As relações de Napoleão com Cockburn tiveram altos e baixos (com alguns dos atritos resultaram de Napoleão se abespinhar por os britânicos insistirem em tratá-lo por “general Bonaparte”), mas podem ser vistas como pacíficas quando comparadas com as que se estabeleceram com o substituto de Cockburn, o general Hudson Lowe, que chegou à ilha a 14 de Abril de 1816.

Lowe trazia novas instruções sobre o estatuto e obrigações do “exilado” e estava decidido a fazê-las cumprir escrupulosamente: a entourage de Napoleão teria de ser reduzida de 16 para 11 elementos e os que ficassem teriam de assinar uma declaração em que se comprometiam a fazê-lo indefinidamente (até à sua morte ou à de Napoleão); o orçamento destinado a manter Longwood House seria reduzido de 12.000 libras anuais para 8000; os visitantes que pretendessem encontrar-se com Napoleão teriam de obter um visto do Governador; Napoleão deixava de poder cavalgar livremente pela ilha sem ser acompanhado por um oficial britânico e tinha de apresentar-se duas vezes por dia ao oficial de dia em Longwood; nenhum presente destinado a Napoleão poderia incluir qualquer menção ao seu estatuto imperial, caso contrário seria apreendido; e toda a correspondência de e para Longwood House teria de passar pelas mãos do Governador (nada era dito sobre o uso do Twitter, talvez por, na época, não ser hábito banir ex-governantes narcísicos das redes sociais).

Napoleão, que entendera a “liberal” supervisão de Cockburn tão intolerável que clamara “Exijo a liberdade ou um carrasco!”, via-se agora sujeito a um carcereiro mesquinho e apostado em infernizar-lhe a vida e fez ouvir os seus protestos indignados. Quando as condições impostas a Napoleão foram tornadas públicas na Grã-Bretanha, gerou-se alguma simpatia pública pelo antigo “Ogre Corso” e o Governo britânico acabou por recuar nalgumas imposições, mantendo, por exemplo, o orçamento anual de Longwood House em 12.000 libras.
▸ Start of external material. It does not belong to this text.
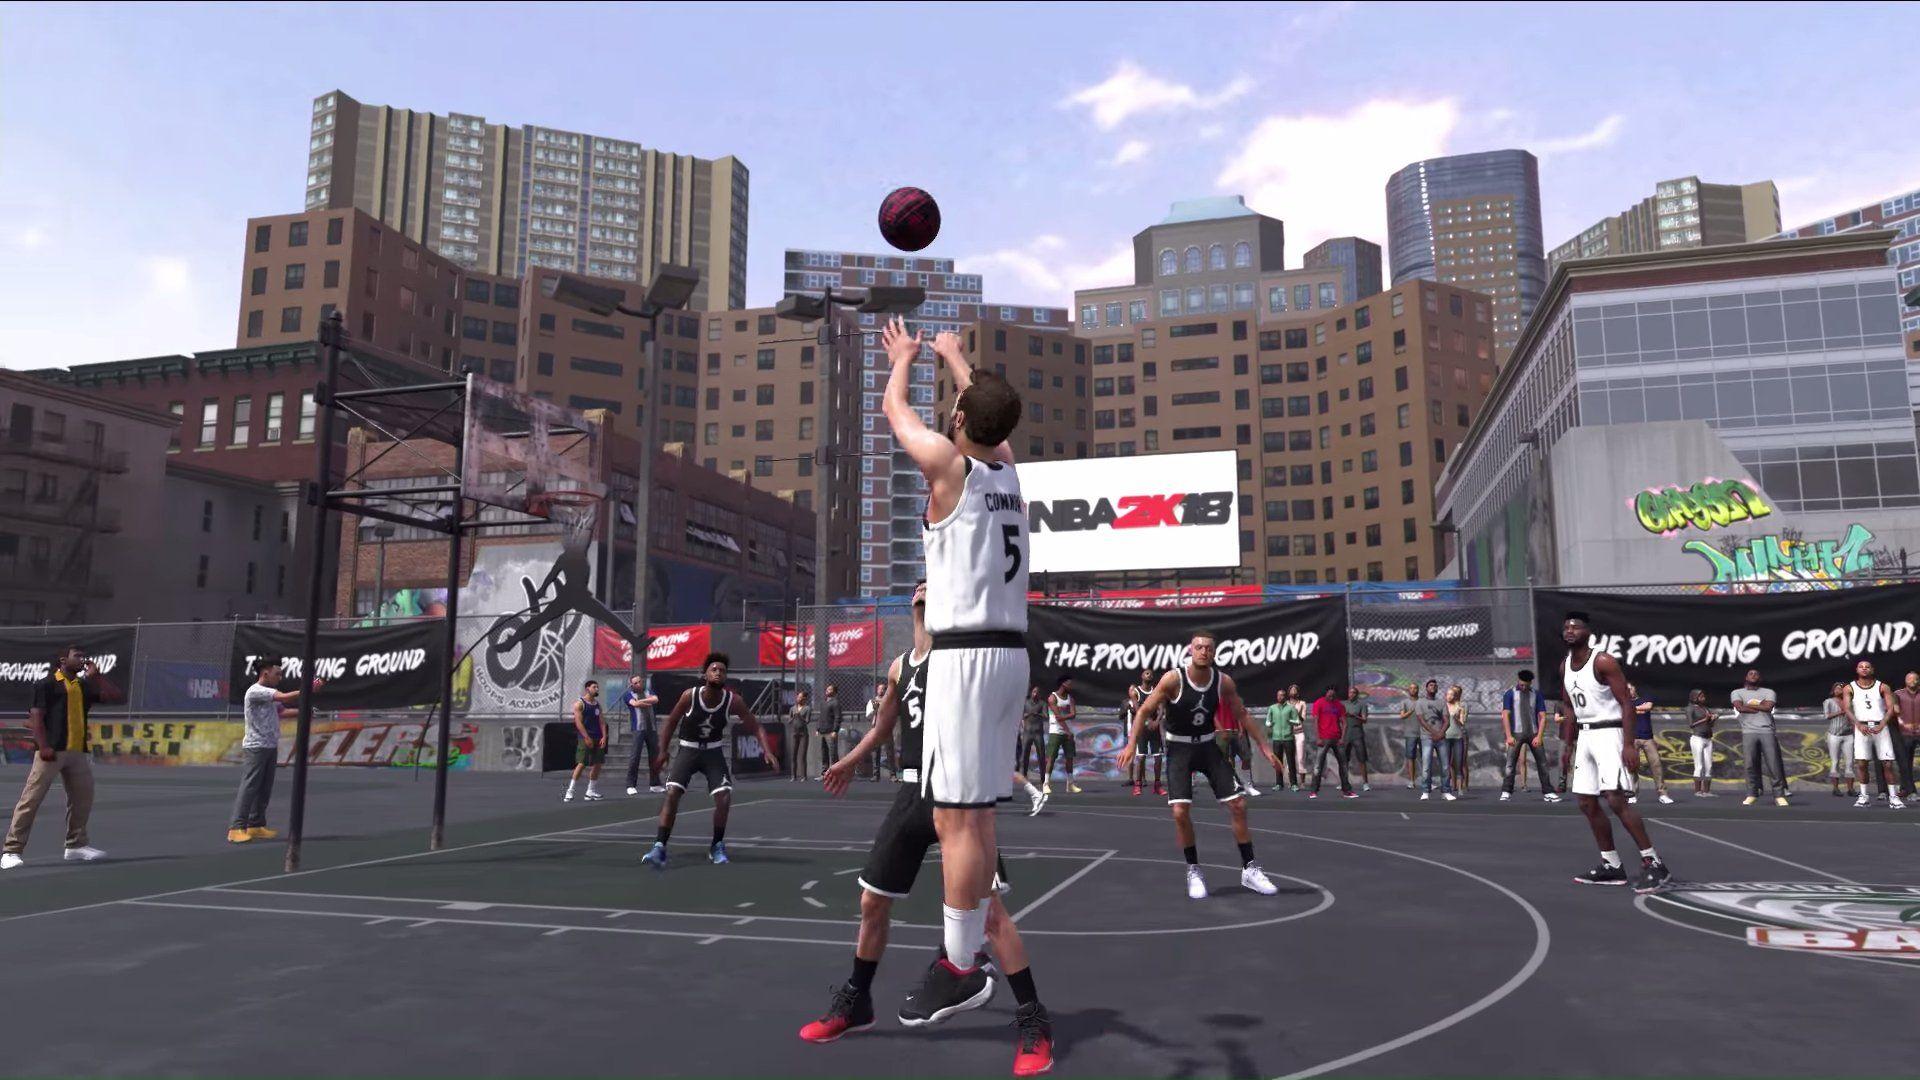 New 2K18 Heralds the Demo of The Prelude

O general Hudson Lowe, numa gravura datada de c.1830 por Jean Mathias Fontaine

Um penoso declínio

Napoleão não teria nem liberdade nem um carrasco, iria apenas definhar lentamente. Os problemas de saúde, acompanhados de uma patente obesidade, tinham começado a manifestar-se em 1808 e agravaram-se depois da desastrosa campanha russa, em 1812; após ter recuperado parcialmente durante o exílio em Elba, o esforço investido nos Cem Dias parece ter cobrado um preço elevado: engordou ainda mais, a pele adquiriu uma tonalidade esverdeada e a sua proverbial resistência evaporou-se. O estratega que tinha fama de manter-se lúcido e activo após dias a fio com escassas horas de sono, era agora incapaz de manter-se acordado pela noite dentro, por mais café que tomasse. Também a tenacidade e a capacidade de decisão de que dera mostras em tempos pareciam dissipadas e é plausível que a derrota na campanha belga se tenha devido, pelo menos em parte, a esta quebra da saúde física e das faculdades mentais.
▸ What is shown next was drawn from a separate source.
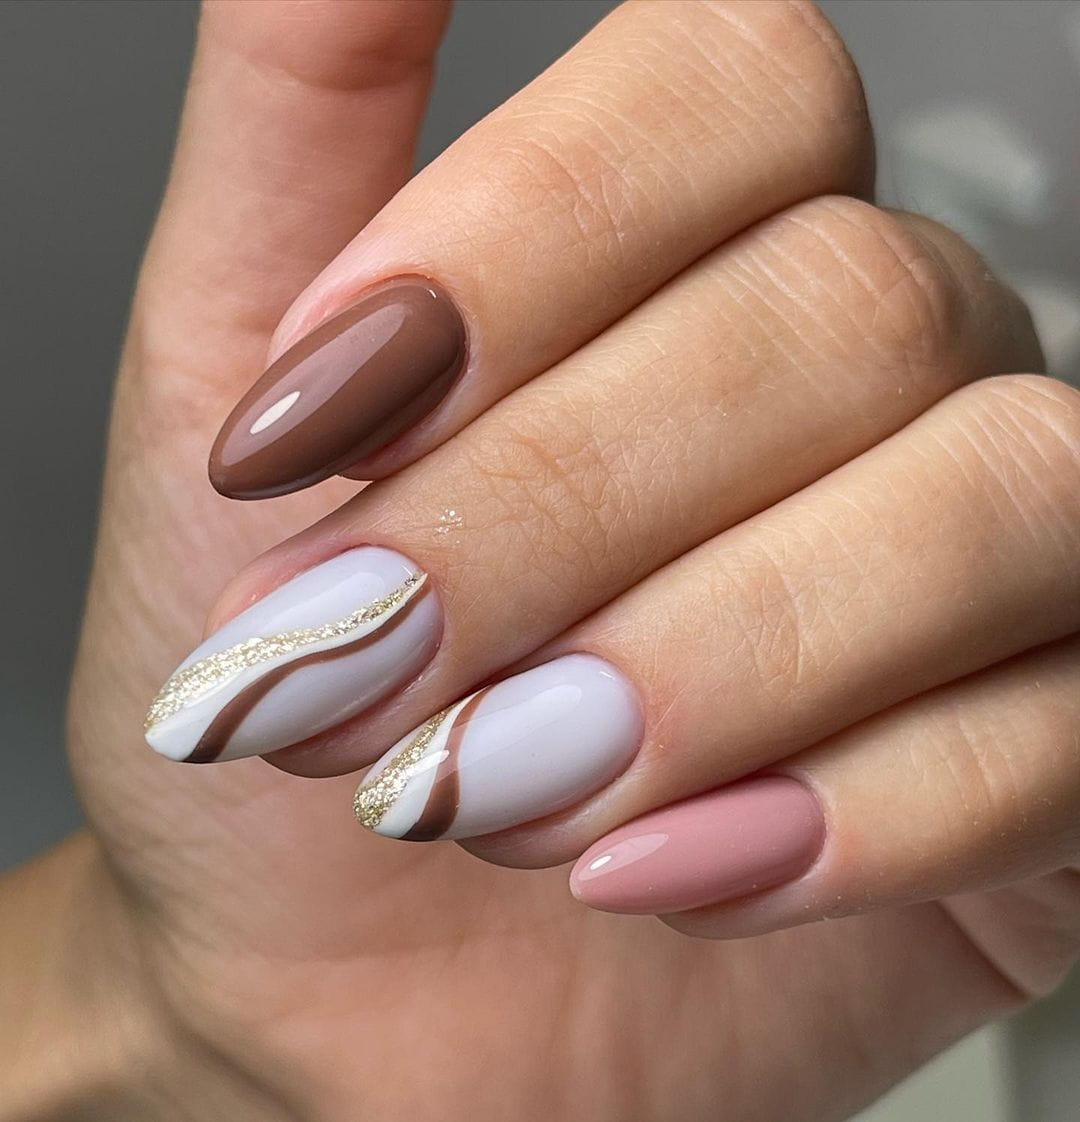 50+ Cute Short Nail Designs You’ll Want To Try Today images 30

O aumento da obesidade e o declínio da saúde foram agravando-se em Santa Helena, que, para mais, estava longe de ser um local saudável: a disenteria era endémica (numa das unidades militares britânicas que guarnecia a ilha, 105 dos homens sucumbiram a esta doença) e Longwood House era húmida e estava infestada por ratos (que, frequentemente, se passeavam junto aos pés dos convivas durante o jantar).

A vida social na modorrenta Santa Helena era quase inexistente, as relações tensas entre franceses e britânicos não propiciavam o convívio, os visitantes intelectualmente estimulantes que passavam pela ilha eram raros e a atmosfera na “corte” de Longwood, era sufocante, não só devido aos atritos entre os inquilinos como à vigilância cerrada exercida por Lowe, que era um prodígio de mesquinhez e paranóia – de uma vez, mandou apreender uns feijões que alguém enviara para plantar na horta de Longwood, suspeitando que as combinações de feijões de várias cores ocultariam uma mensagem em código. Na verdade, as desconfianças de Lowe quanto à possibilidade de o seu prisioneiro se evadir eram infundadas: Napoleão não parece ter dedicado tempo a planear fugas e até estava convencido de que, dado o ódio que os Bourbon lhe votavam, se acaso conseguisse fugir para os EUA, não tardaria a ser vítima de um atentado – como confidenciou a um dos seus “cortesãos”, sentia-se mais seguro em Santa Helena do que em qualquer outro lugar.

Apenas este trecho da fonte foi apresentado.